**Required work**
Set down exactly the lines below between the line holding "Fantasia Make Your" and the line holding "Första söndagen underhöll", inclusive; no other line belongs in the answer.

**Data excerpts**
····················

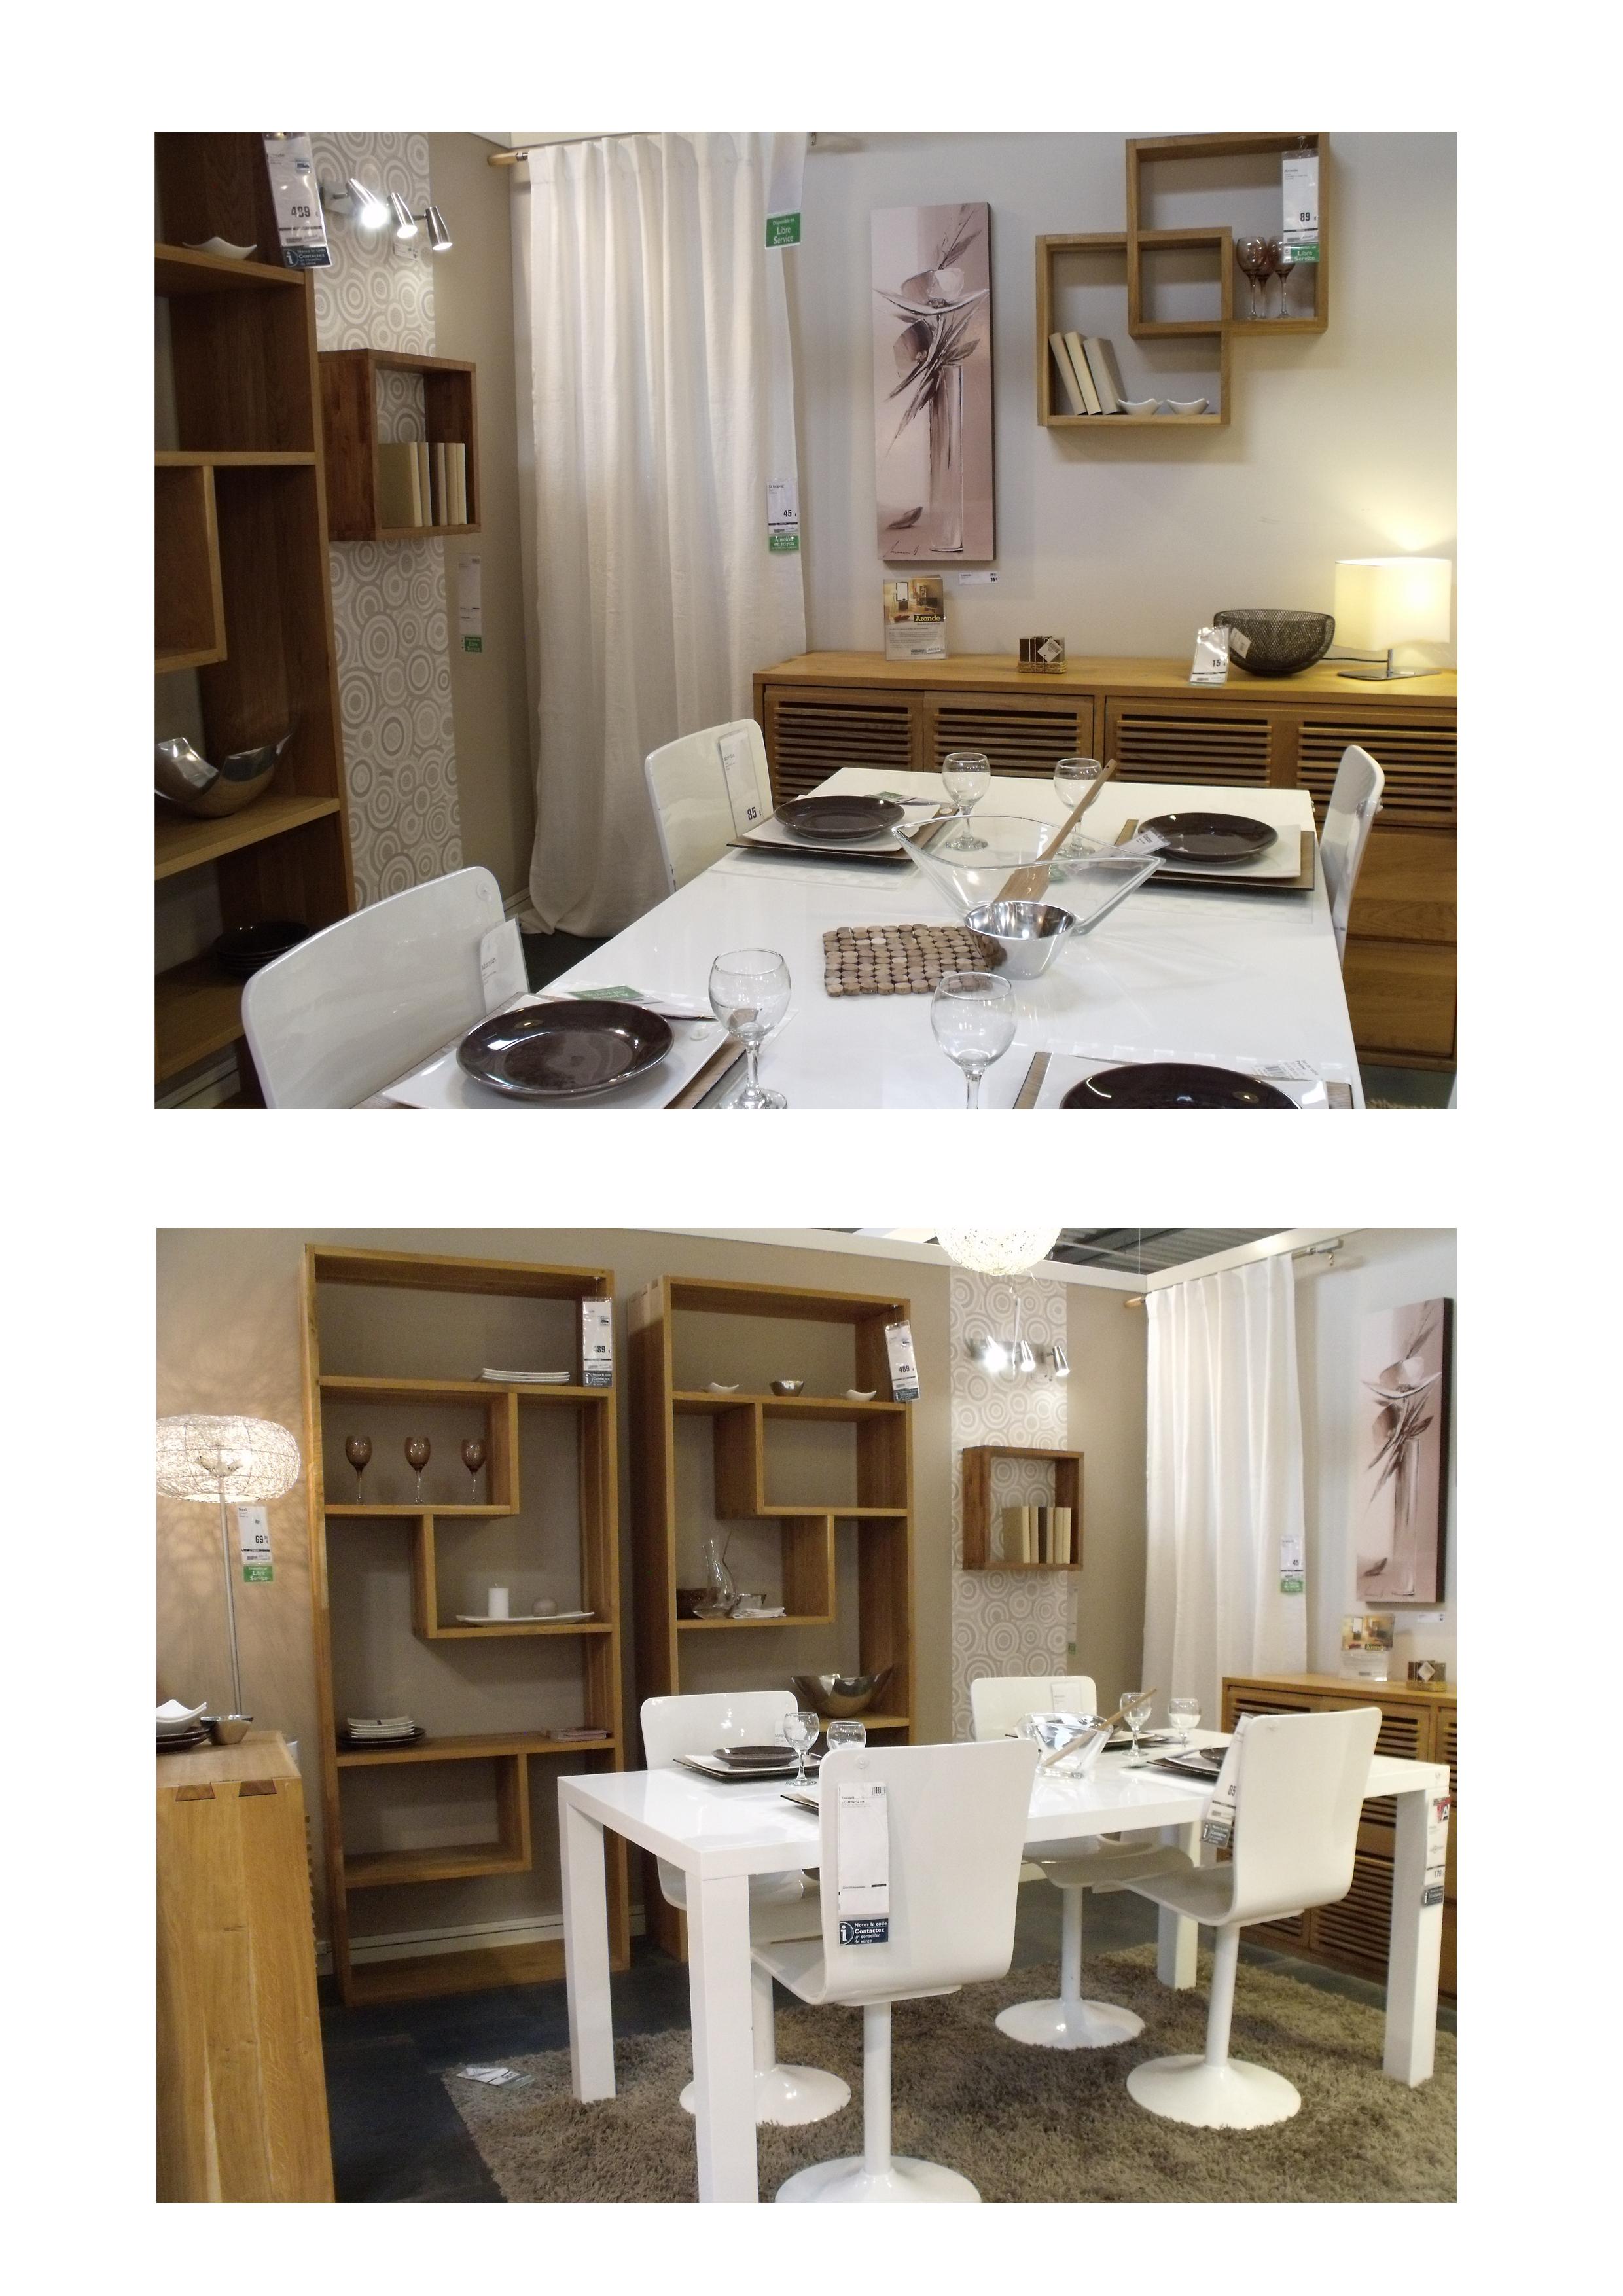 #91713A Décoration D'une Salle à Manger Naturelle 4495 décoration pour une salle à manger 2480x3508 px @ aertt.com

····················

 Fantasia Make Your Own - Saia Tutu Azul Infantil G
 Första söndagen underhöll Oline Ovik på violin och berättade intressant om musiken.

····················

**Response to this task**
 Fantasia Make Your Own - Saia Tutu Azul Infantil G
 Första söndagen underhöll Oline Ovik på violin och berättade intressant om musiken.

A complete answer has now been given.